Perhaps you have a friend that has successfully nursed a child who would be willing to be there for you.  

Don't be too hard on your partner if he or she doesn't seem confident in your abilities. But don't hesitate to say, "Back off!  I can do this! My body was created to do this!"  

We all make well-meaning remarks that aren't so helpful at times.  Keep in mind your partner might be just as unsure as you are.  
I'm always here for real mom support if you need a little (or a lot of) encouragement. I try to respond to all comments in a timely manner.

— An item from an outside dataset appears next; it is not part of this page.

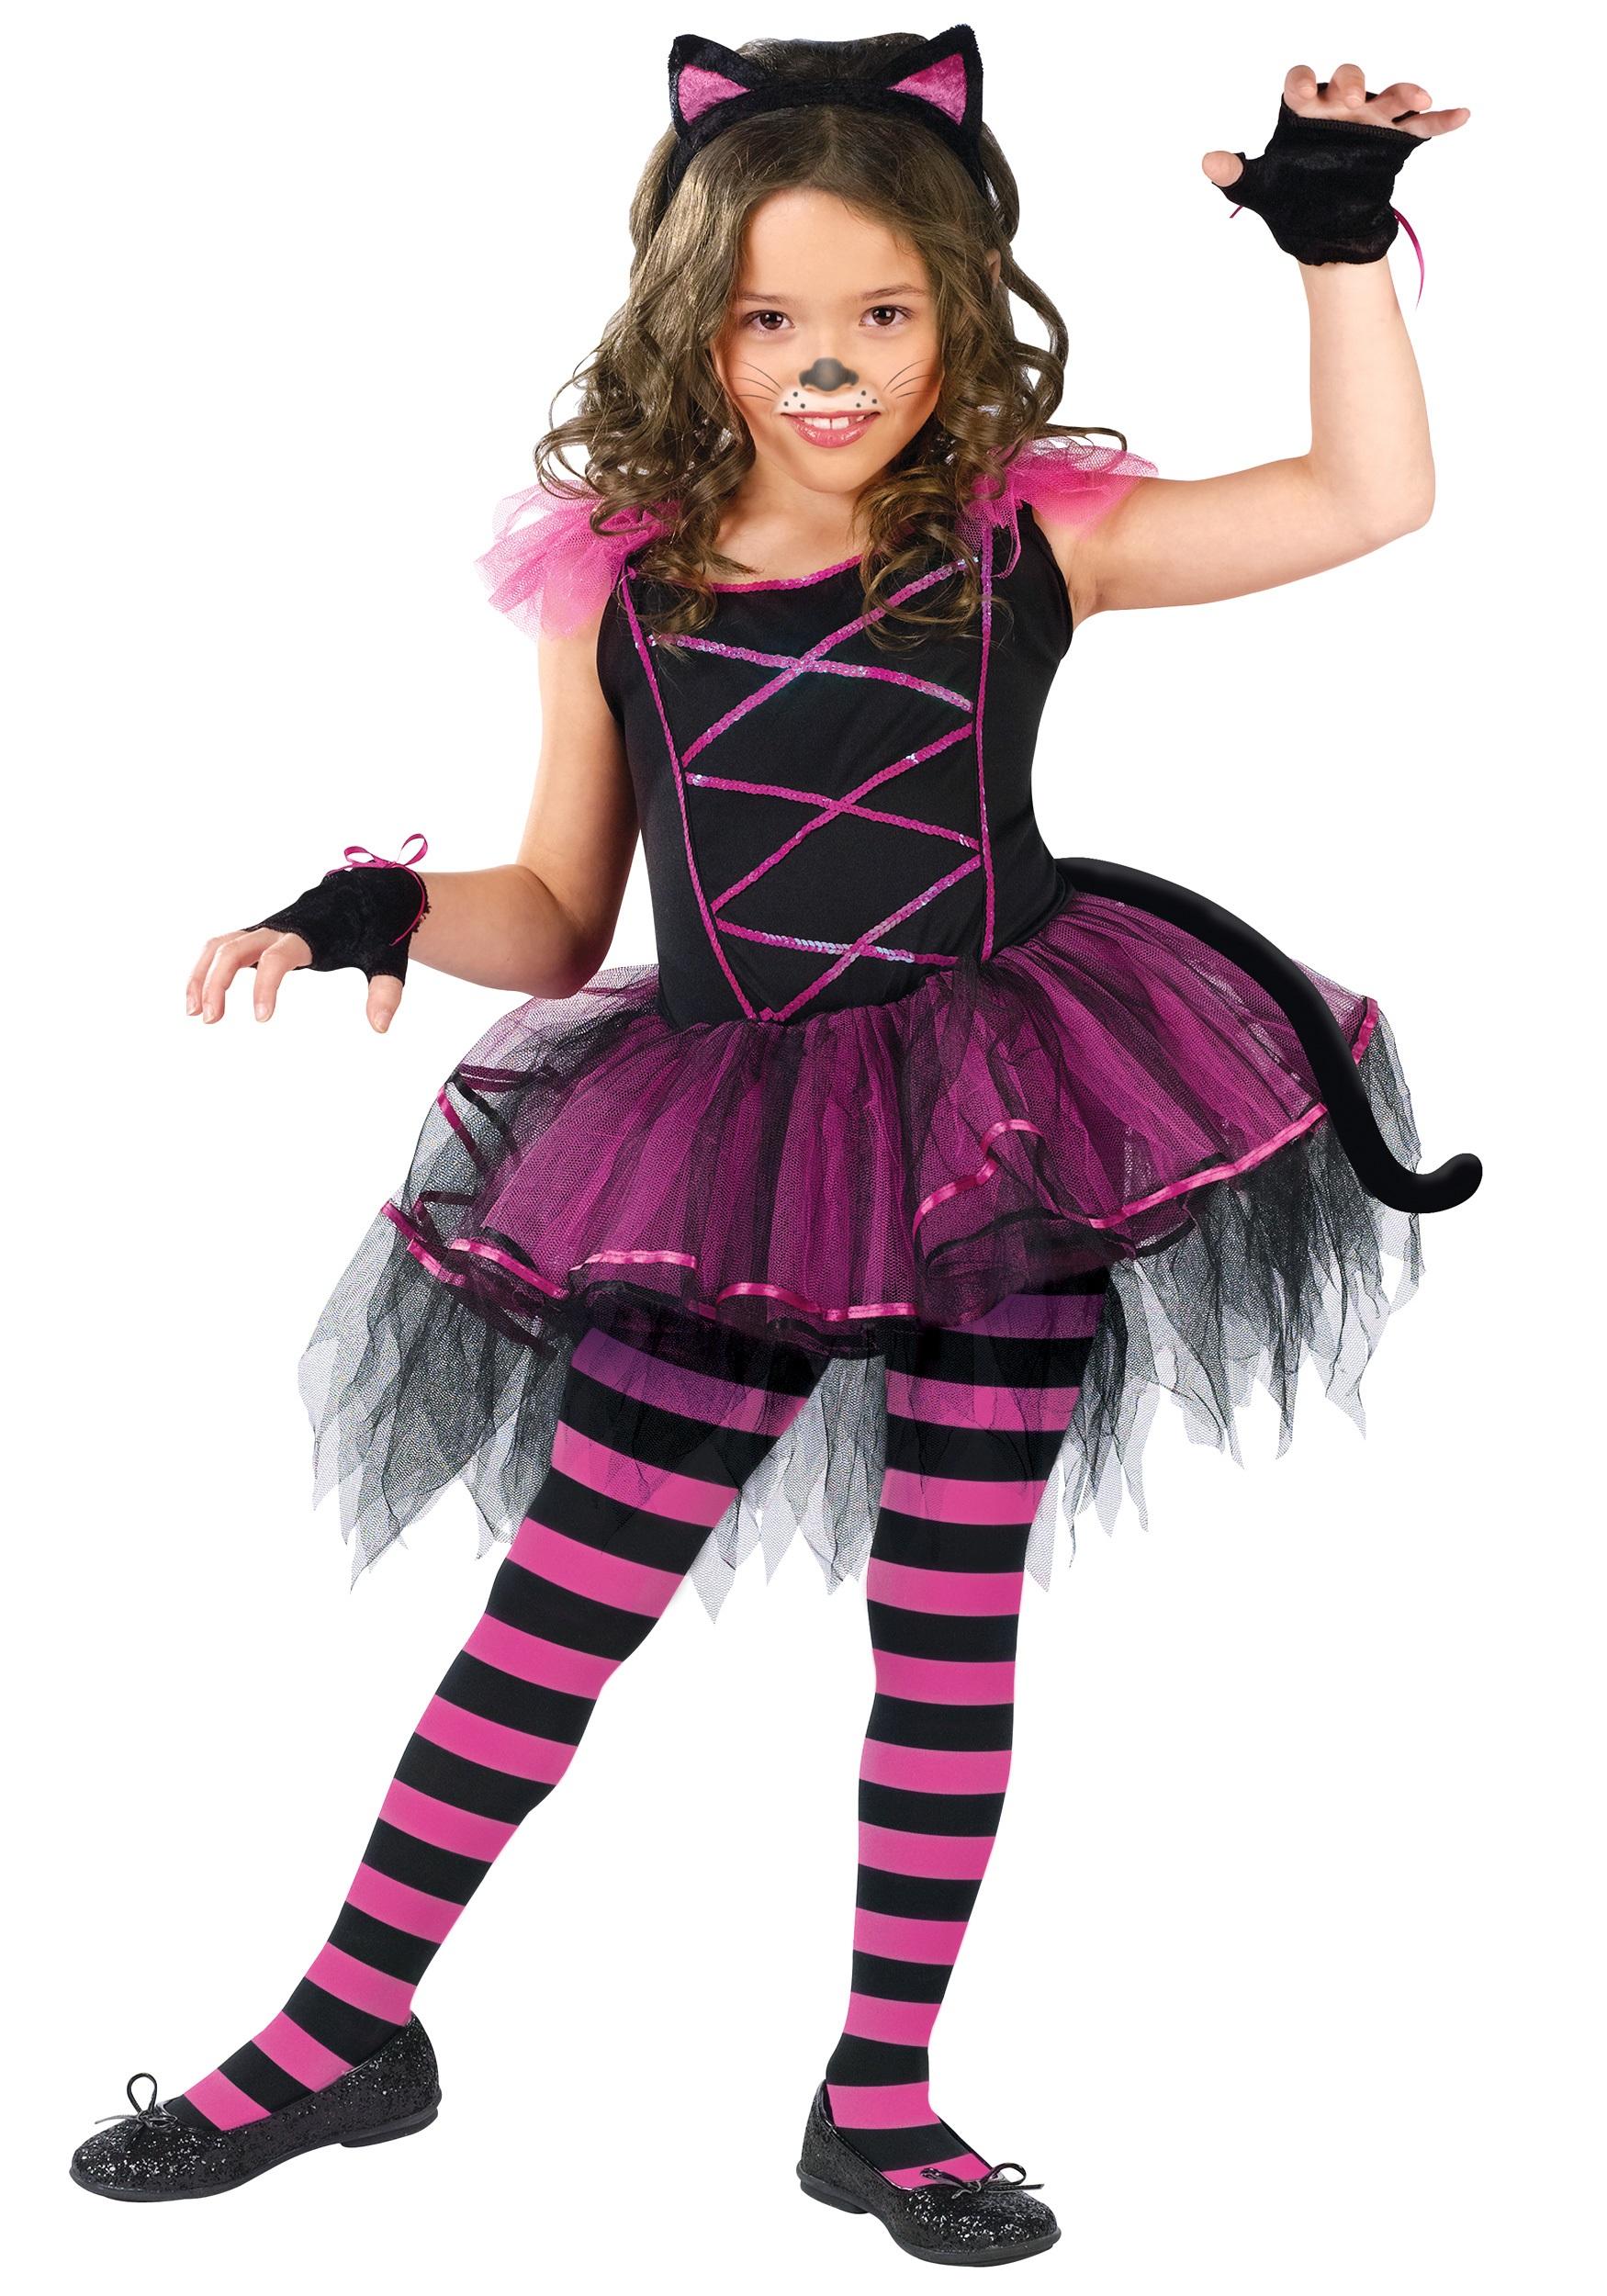 Girls Caterina Ballerina Costume  sc 1 st  Halloween Costume & Girls Caterina Ballerina Costume - Tutu Halloween Costumes for kids

Please feel free to share your breastfeeding tips and experiences in the comment section. 

Breastfeeding is an amazing experience! If you are thinking about breastfeeding, I hope that I might have swayed you to give it a try.  You'll be so glad you did! 


  1. Anonymous above- Give up. We know what you're up to.

    Poppy, lovely post. I nursed all of my children, and wish everyone could have enough knowledgeable and loving support to experience the joy of nursing. Such an amazing blessing! :) Hopefully this will be an encouragement to many moms to be! I love your photos too. :)

    1. Thank you Patty! I appreciate your encouraging comments! The photos were taken by a dear friend.

  2. My due date is 26th sept this year, and your post is so encouraging. I just want to give my baby the best start in life and you really have given me a boost. Thank you. X

    1. Congratulations Hannah! I'm glad you found this post encouraging! Please don't hesitate to reach out if you have questions or need support. Best wishes with your new baby!